He partnered with David Hungerford (1927-1993), a graduate student at the Fox Chase Cancer Center in Philadelphia. Analyzing the white blood cells of patients with this particular form of leukemia, Hungerford consistently noticed that the Chromosome 22 was noticeably short.

The finding was a turning point. Until then, most scientists believed viruses to be the cause of cancer. This new avenue of research fueled decades of scientific research that produced monumental steps in the treatment of cancer.

Gradually, technology improved enough to allow scientists to visualize the genetic material in greater detail. Janet D. Rowley, a University of Chicago researcher, determined the chromosome to result from a translocation, in which portions of two chromosomes exchange places, causing cells to turn malignant. Alfred G. Knudson Jr., a geneticist at Fox Chase, made further progress linking genetics and cancer.

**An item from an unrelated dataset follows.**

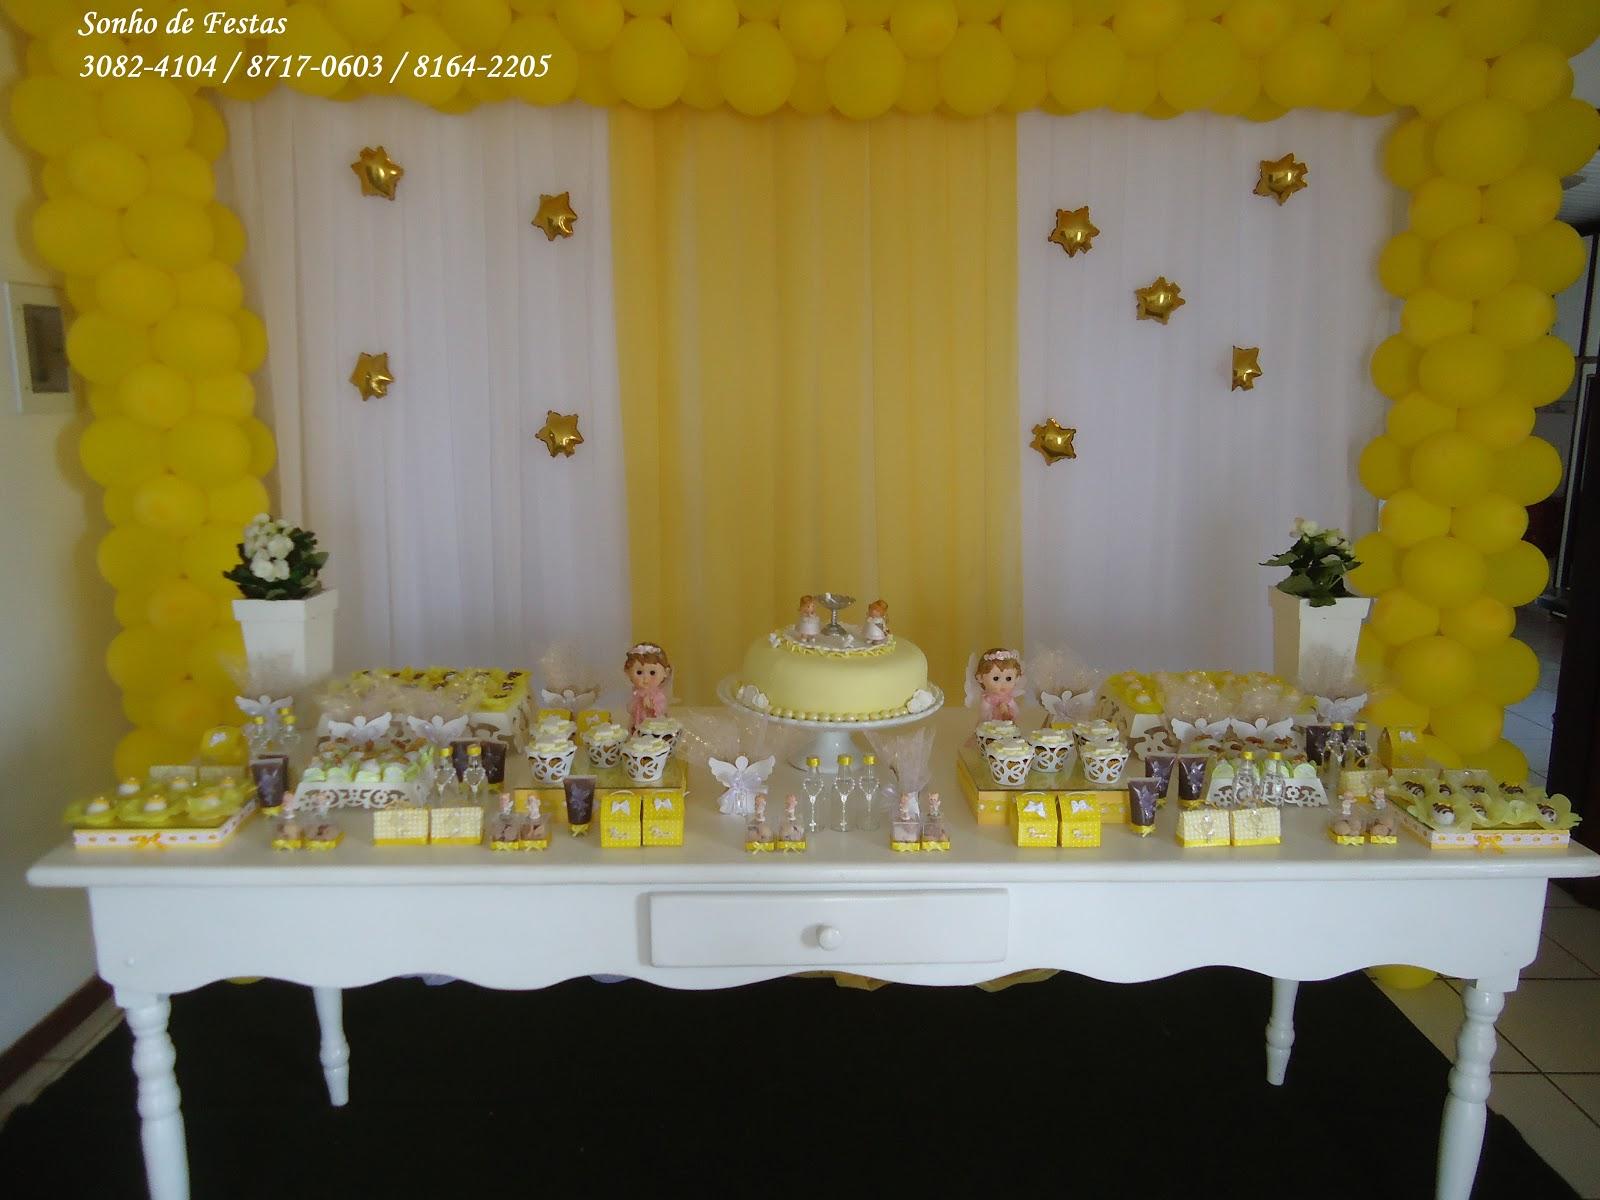 decoracao branco amarelo:Sonho de Festas: Batizado provençal amarelo e branco

In 1998, Nowell, Rowley and Knudson received Lasker Awards for their combined work in this area. At present, drugs have been developed that hold chronic myeloid leukemia in remission for years.

==University of Pennsylvania career==
Nowell received his B.A. from Wesleyan University in 1948 and his M.D. from the University of Pennsylvania in 1952. He spent two years in the US Navy studying radiation and bone marrow transplantation and then returned to UPenn where he joined the faculty in 1956. He served as chair of the department of pathology from 1967-1973, and as the first director of the University of Pennsylvania Cancer Center, now known as the Abramson Cancer Center at the University of Pennsylvania.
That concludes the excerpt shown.